Diversos membros do clero anglicano no paço espiscopal de Montréal em 1874 (foto do Musée MacCord)
Eis um documento inesperadamente rico em pormenores de confecção das vestes talares, então em processo de desacreditação ou abolição nalguns países e instituições culturais do ocidente. Os oito figurantes testemunham o uso de sapatos de cerimónia, meias altas, calções, polainas abotoadas até ao joelho, volta branca e loba de seda preta do tipo anglicano: sotaina curta, assertoada, e sobre esta a quimera ou chamarra. Nesta variante, a chamarra tem mangas incorporadas.

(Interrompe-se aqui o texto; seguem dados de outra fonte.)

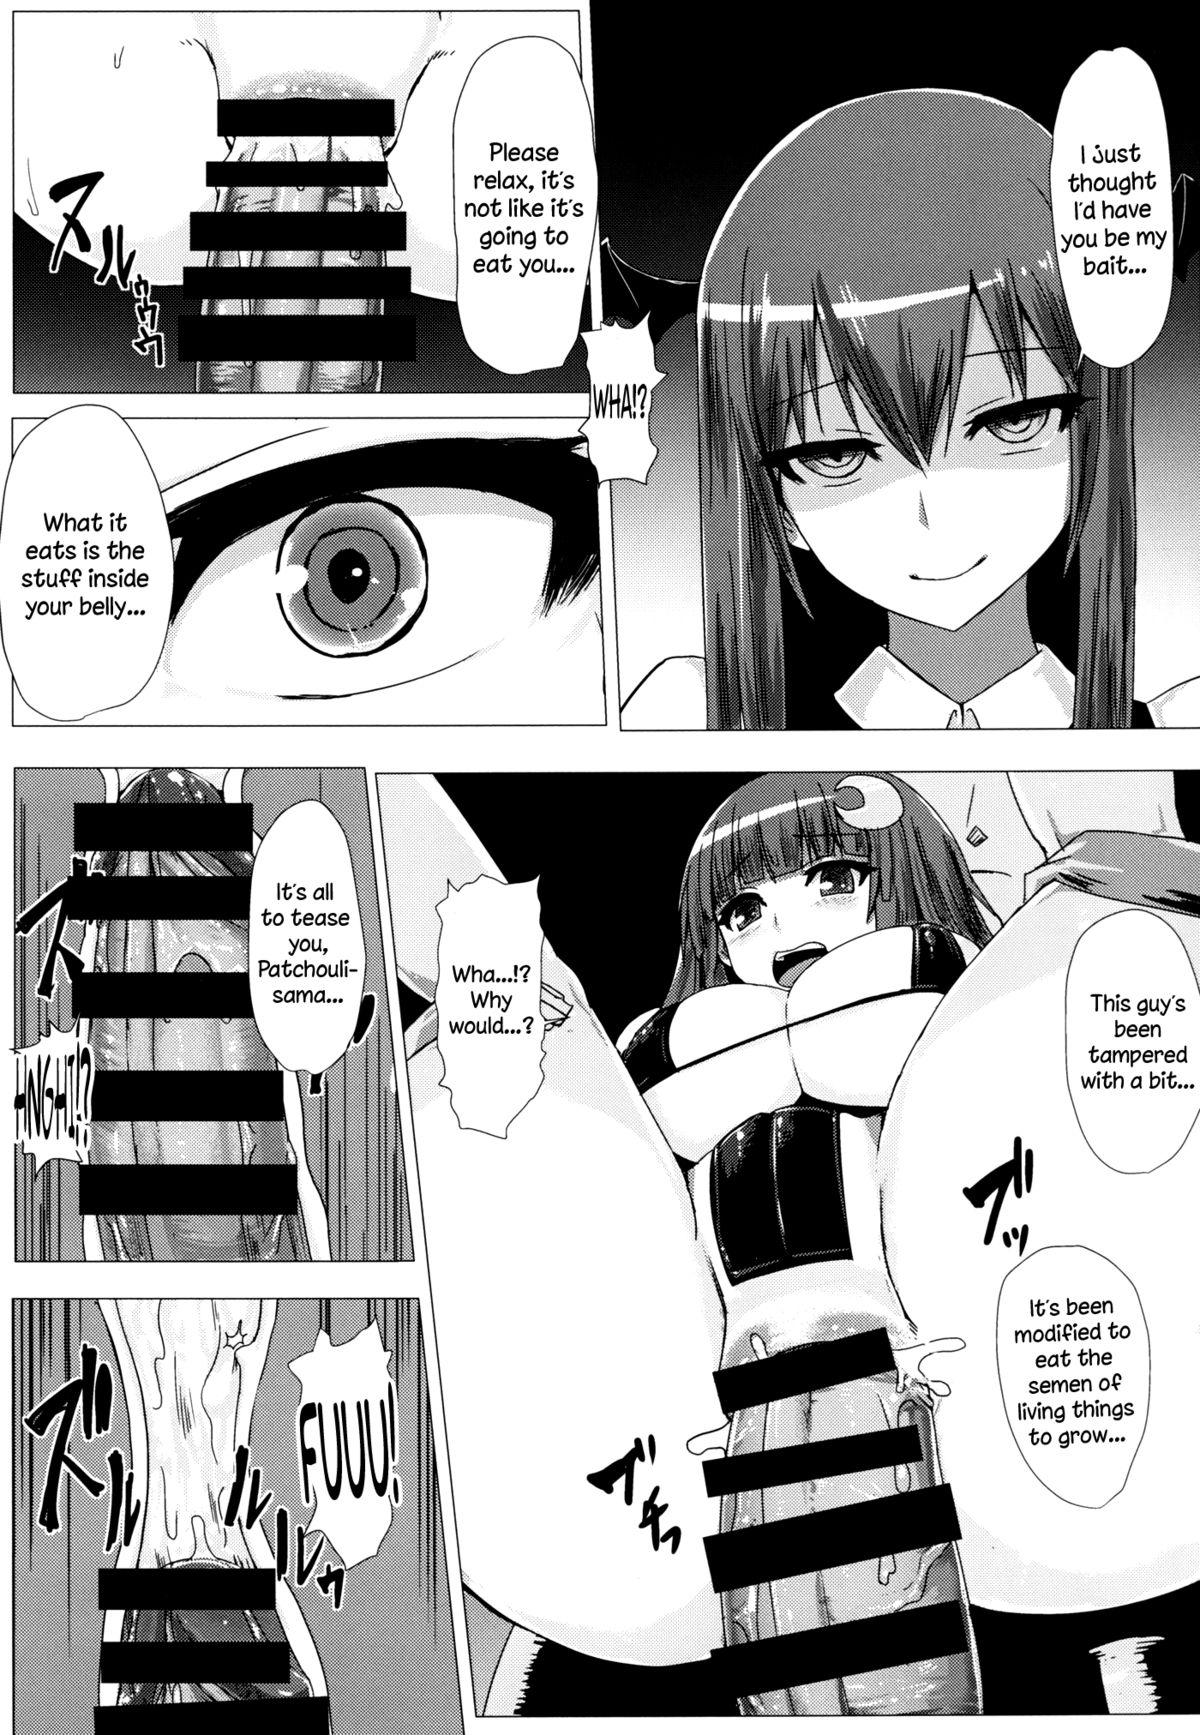 Slim Shiri Pache Pache | Ass Patchy Patchy - Touhou project Olderwoman - Page 10

Curso de medicina de MacGill, Canadá, 1883


Aluno com uniforme militar, França, segunda metade do século XIX
Botas de couro, calças compridas com vivo lateral, camisa branca, colete, casaco com peitilho ornamentado por duas carreiras de botões e gola forrada, képi com galão e flor de soutache aplicada na copa


Escolar francês com uniforme de tipo militar, década de 1860


Escolar de Augsburgo, 1899, com pasta de couro, fatinho de marujo e chapéu de palhinha
O uniforme à marujinho com chapéu de palha aparece na mesma altura em escolas e colégios privados na Grã-Bretanha, Alemanha, Brasil, EUA e Canadá. Os armazéns de pronto-a-vestir contribuiram para a popularização dos uniformes escolares através da edição de catálogos ilustrados que podiam ser facilmente reproduzidos por alfaiates e modistas.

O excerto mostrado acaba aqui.